Nevertheless, Gabriella Willis, a UK economist at Santander, says Hunt can look forward to better times. Not only is it possible the recession may later be re-evaluated by the ONS, with contraction turning into growth, but 2024 generally is forecast to be a better year.
“The UK recession, if confirmed, looks set to be as short and shallow as they come. We see reasons to be a little more upbeat on 2024, with surveys for January suggesting 2024 started on a better footing, shrugging off the year-end lethargy,” she said.

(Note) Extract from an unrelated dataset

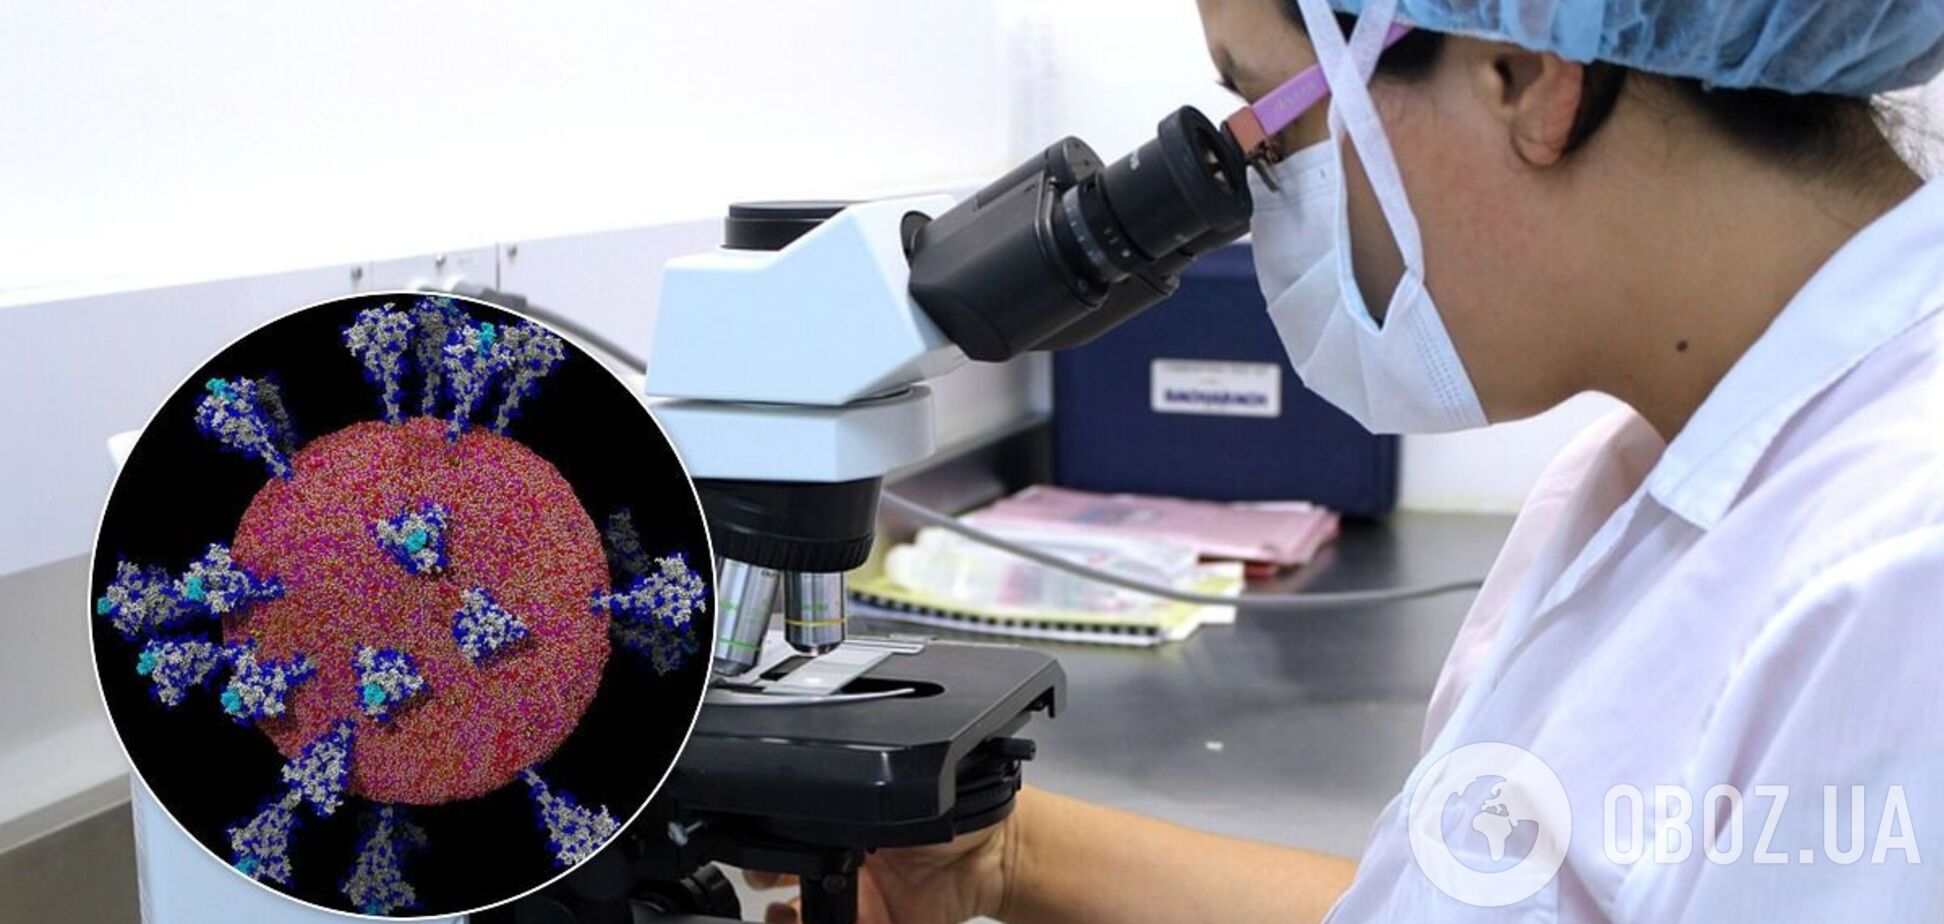 Биологи получили новые подробные изображения коронавируса
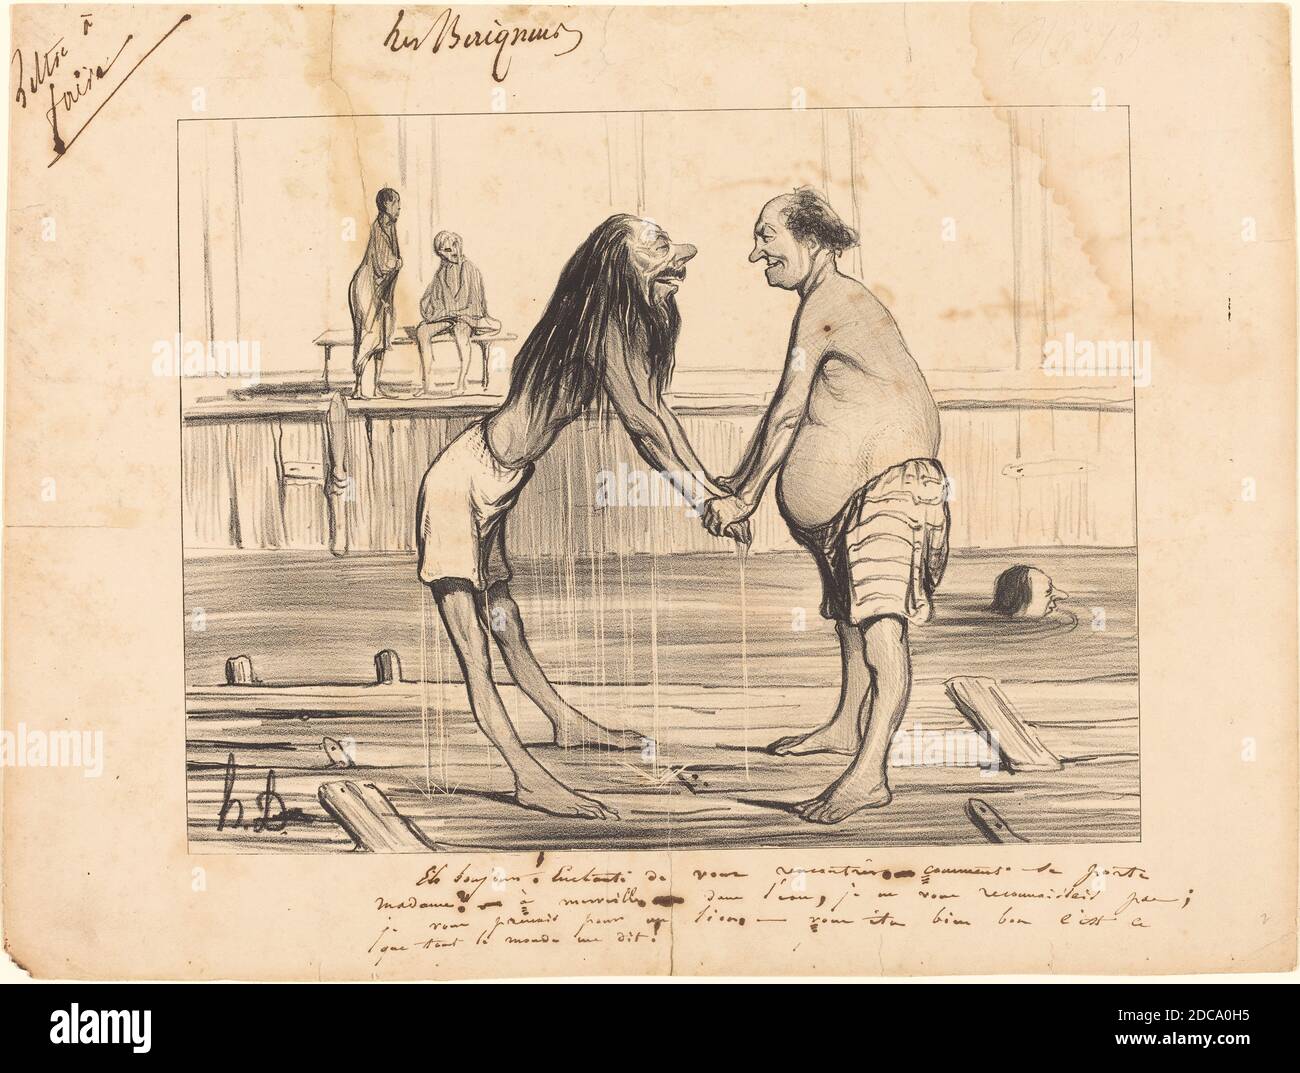 Honoré Daumier, (artist), French, 1808 - 1879, Eh bonjour! enchanté de vous rencontrer..., Les Baigneurs: pl.13, (series), 1840, lithograph Stock Photo

The Bank of England will be focusing on how fast pay is rising. Officials are concerned that labour market data due on Tuesday will show that despite the economic gloom, wages continued to rise in the dying months of 2023, which could mean inflation rising again later this year, limiting the scope for interest rate cuts.
In a busy week for UK economic data, the ONS will also publish its inflation figures for January on Wednesday. Analysts say the signals are likely to be mixed, giving the Bank’s monetary policy committee (MPC) a headache when it meets next month. Wages are expected to have increased between November and December by about 0.4%, which for a single month represents a strong boost to disposable incomes. The annual figure for the average wage rise could remain at 6.5% – the same as it was in November, and well ahead of inflation.
Catherine Mann, a former investment bank economist who started her career at the US Federal Reserve and is a member of the MPC, said in a recent speech that she feared companies were planning to put up prices this year even though their costs had fallen sharply.
A few days after Mann’s speech, Sarah Breeden, a Bank insider who was promoted to the MPC last year, said she wanted to see wages growth falling before she would consider slicing back the cost of borrowing from its current level of 5.25%.
Samuel Tombs, chief UK economist at Pantheon Macroeconomics, said the labour market was weakening, but not at the pace needed for the central bank to cut interest rates imminently. “It remains touch and go whether the MPC will be able to reduce [interest rates] as soon as May, as we and most investors expect,” he said.
Inflation is proving a head-scratcher for all central banks after steep falls last autumn were reversed in the run-up to Christmas.
Financial markets expect the UK consumer prices index (CPI) to rise again in January to 4.2%, from 4% in December and 3.9% in November.
However, the recent increases are expected to be reversed during the spring, with CPI possibly falling below the Bank’s 2% target by June.
This prediction has encouraged financial markets to bet that a cut in the interest rate is coming sooner rather than later.
Bank governor Andrew Bailey is worried that speculation about early interest rate cuts has already brought down mortgage rates and that an economic rebound, while modest, is in train. It means the path to much lower interest rates, whenever it begins, could be long and winding.